Continue your research
Need structured templates for injection procedure documentation? Pabau’s digital forms lets practices build procedure-specific note templates that prompt clinicians for laterality, conservative therapy history, and NDC recording at every encounter.
Managing billing compliance across a multi-provider practice? Medical forms for healthcare practices covers how structured digital documentation reduces audit exposure and claim denial rates.

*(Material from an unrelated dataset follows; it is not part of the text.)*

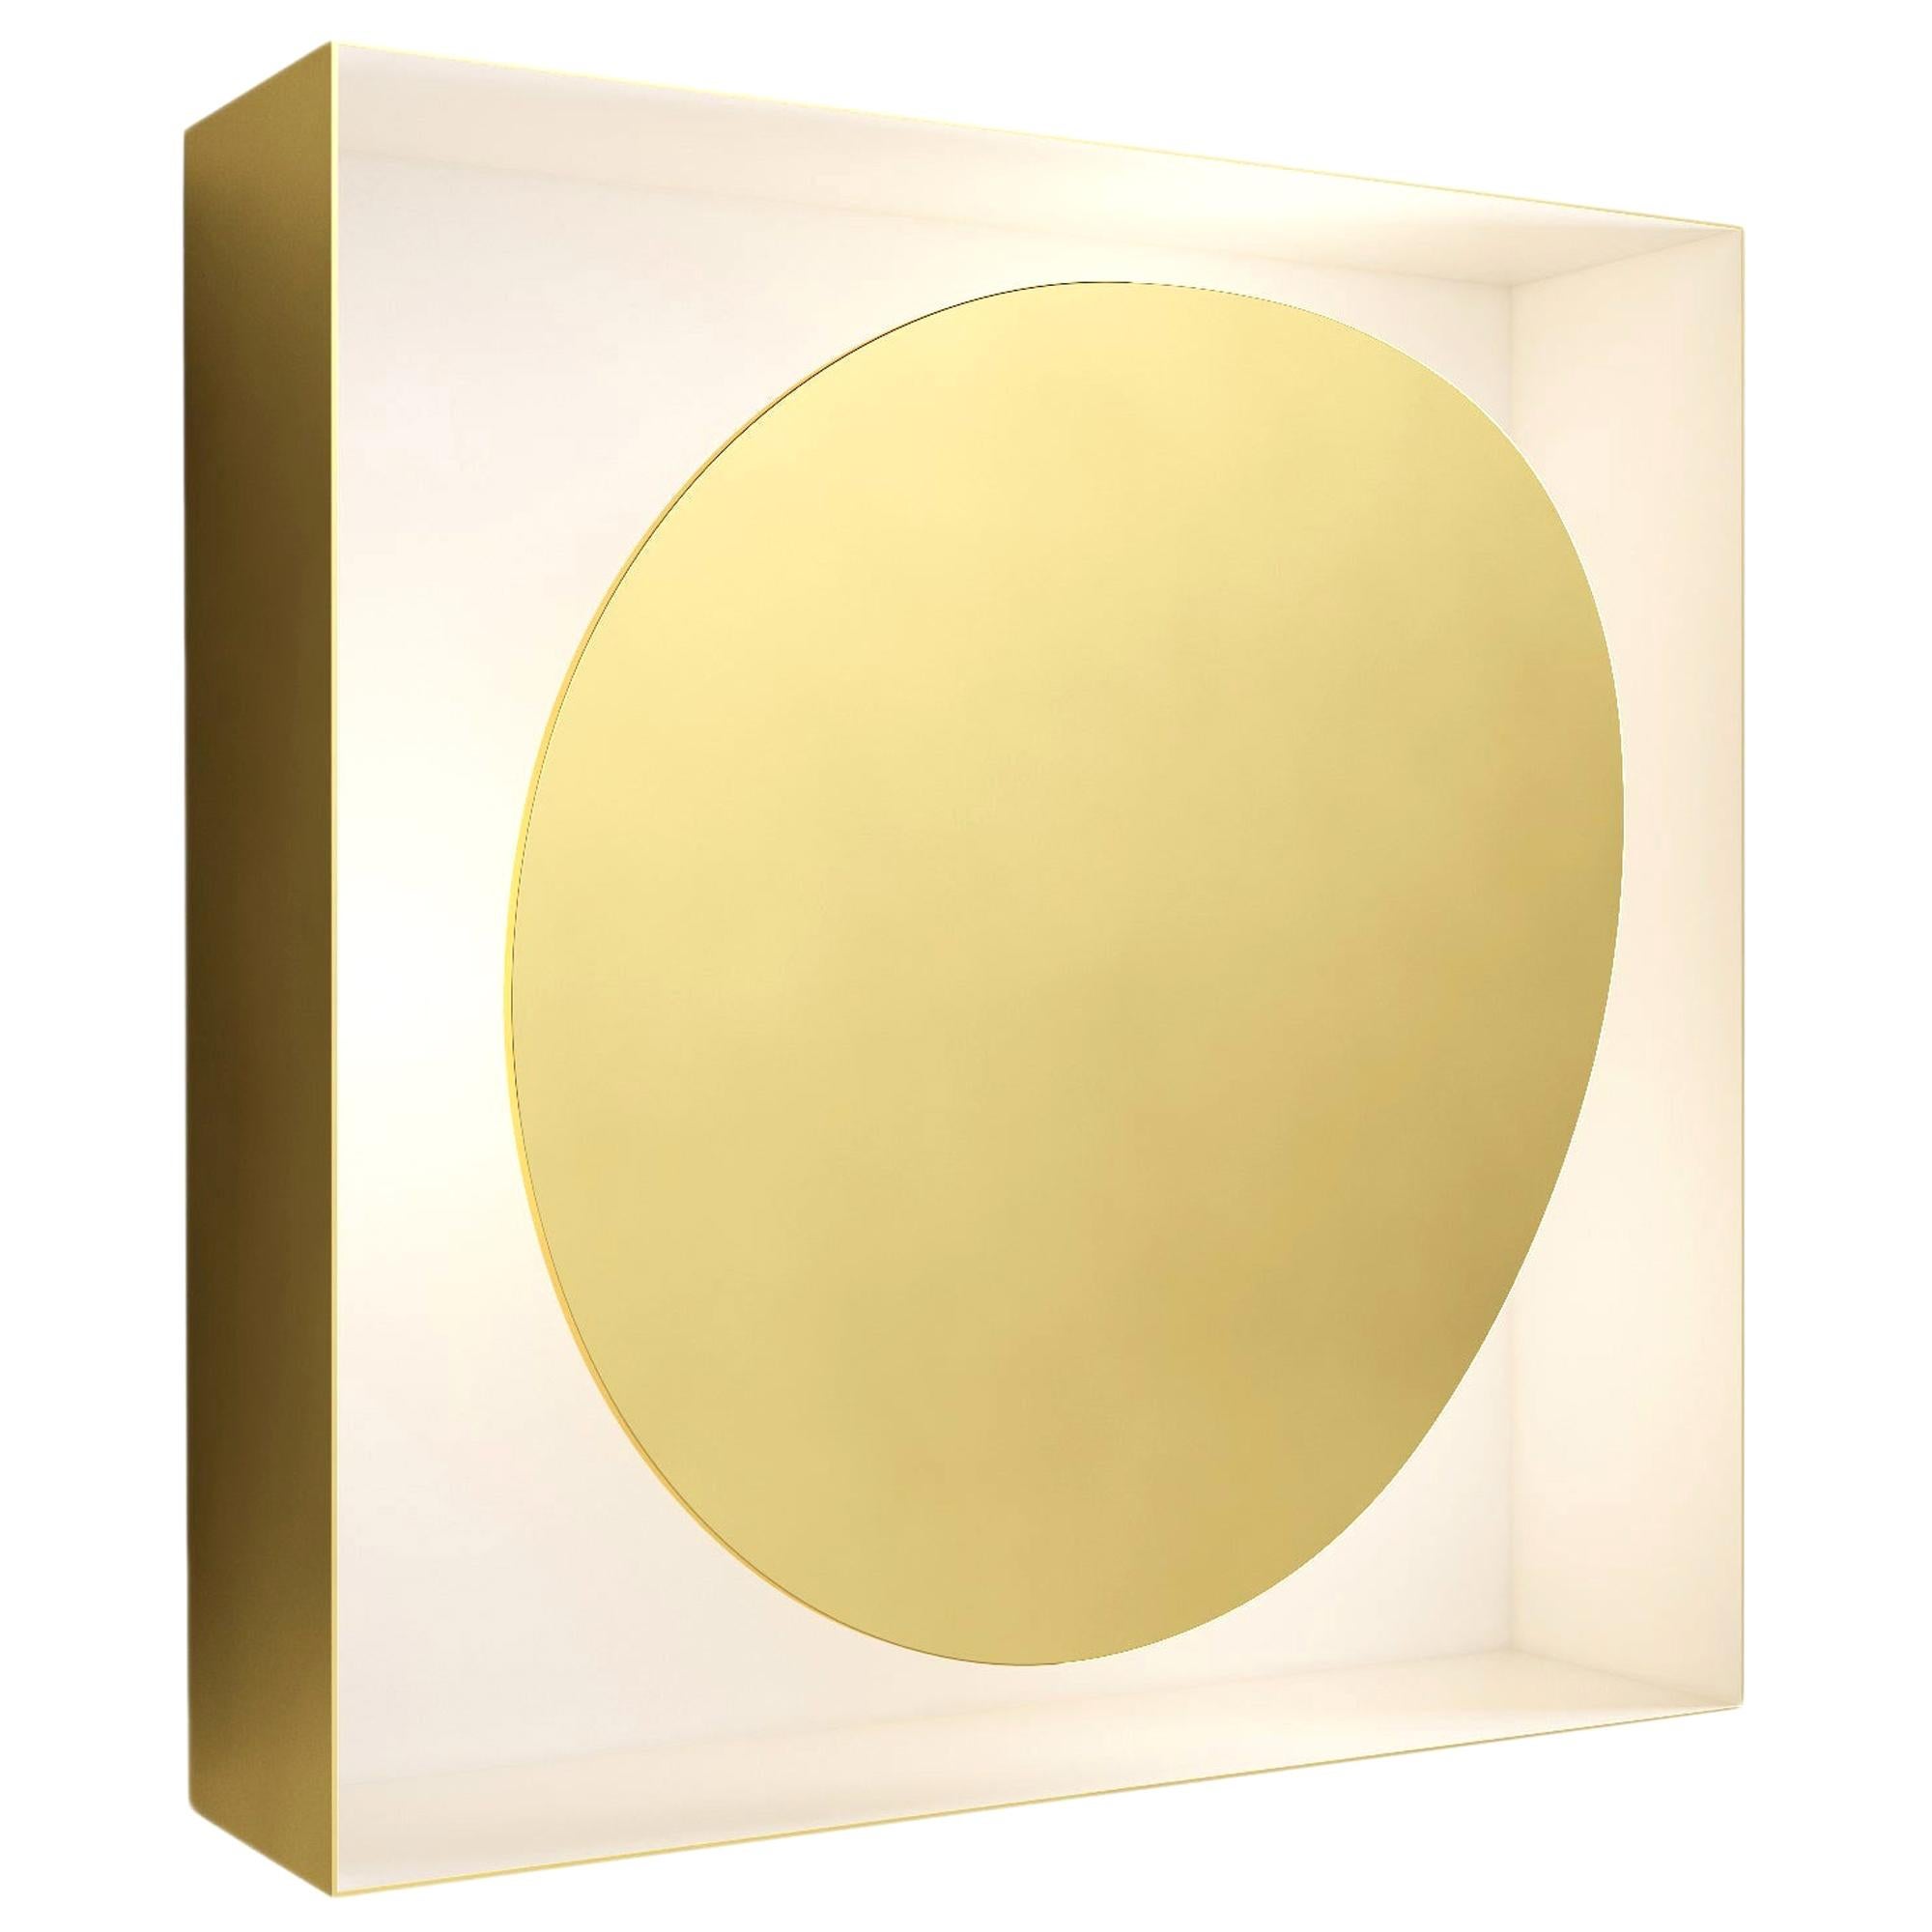 Wall Sconce FC02 by Florencia Costa Polished Brass Italy 2020 Limited Edition

Want to understand how automated workflows reduce J-code billing errors? Patient care management best practices explains how integrating clinical and billing workflows cuts manual entry errors across injectable drug claims.
Frequently Asked Questions
What is HCPCS Code J7326 used for?
HCPCS Code J7326 is used to bill for Gel-One, a cross-linked hyaluronate viscosupplement manufactured by Zimmer Biomet, when administered as a single intra-articular injection for knee osteoarthritis. The code covers 1 mg of the product; practices bill 30 units per single-vial administration.
What is the Medicare reimbursement rate for J7326?
Medicare reimburses J7326 at ASP (Average Sales Price) plus 6%, which changes every quarter. Practices should pull the current rate from the CMS quarterly ASP drug pricing file or the CMS Physician Fee Schedule lookup tool rather than relying on static published figures, which may no longer reflect the current quarter’s rate.
Does J7326 require prior authorization?
Medicare Fee-for-Service typically does not require prior authorization for J7326 in most MAC jurisdictions, but Medicare Advantage plans and many commercial payers do. Prior auth requirements vary by plan and benefit year, so practices should verify each payer’s current policy before scheduling the injection, not after.
What ICD-10 codes are used with J7326?
The most commonly paired ICD-10 codes are M17.11 (primary osteoarthritis, right knee) and M17.12 (primary osteoarthritis, left knee). M17.31 (secondary osteoarthritis, right knee) and M17.0 (bilateral primary osteoarthritis) may also apply depending on the clinical situation. The ICD-10 code must be laterality-specific and match the injection site.
What is the difference between J7325 and J7326?
J7325 covers Synvisc and Synvisc-One (hylan G-F 20, manufactured by Sanofi), while J7326 is product-specific to Gel-One (cross-linked sodium hyaluronate, manufactured by Zimmer Biomet). Both are single-injection options, but each code is tied to its specific product’s NDC. Using the wrong code for the product administered is an automatic denial.
Is there a viscosupplementation CPT code instead of a HCPCS code?
The drug itself is billed under HCPCS J7326, while the injection procedure is billed under CPT 20610 (arthrocentesis, aspiration, or injection of a major joint or bursa). Both codes are typically submitted together on the same claim: J7326 for the Gel-One drug reimbursement and 20610 for the physician’s work in performing the injection.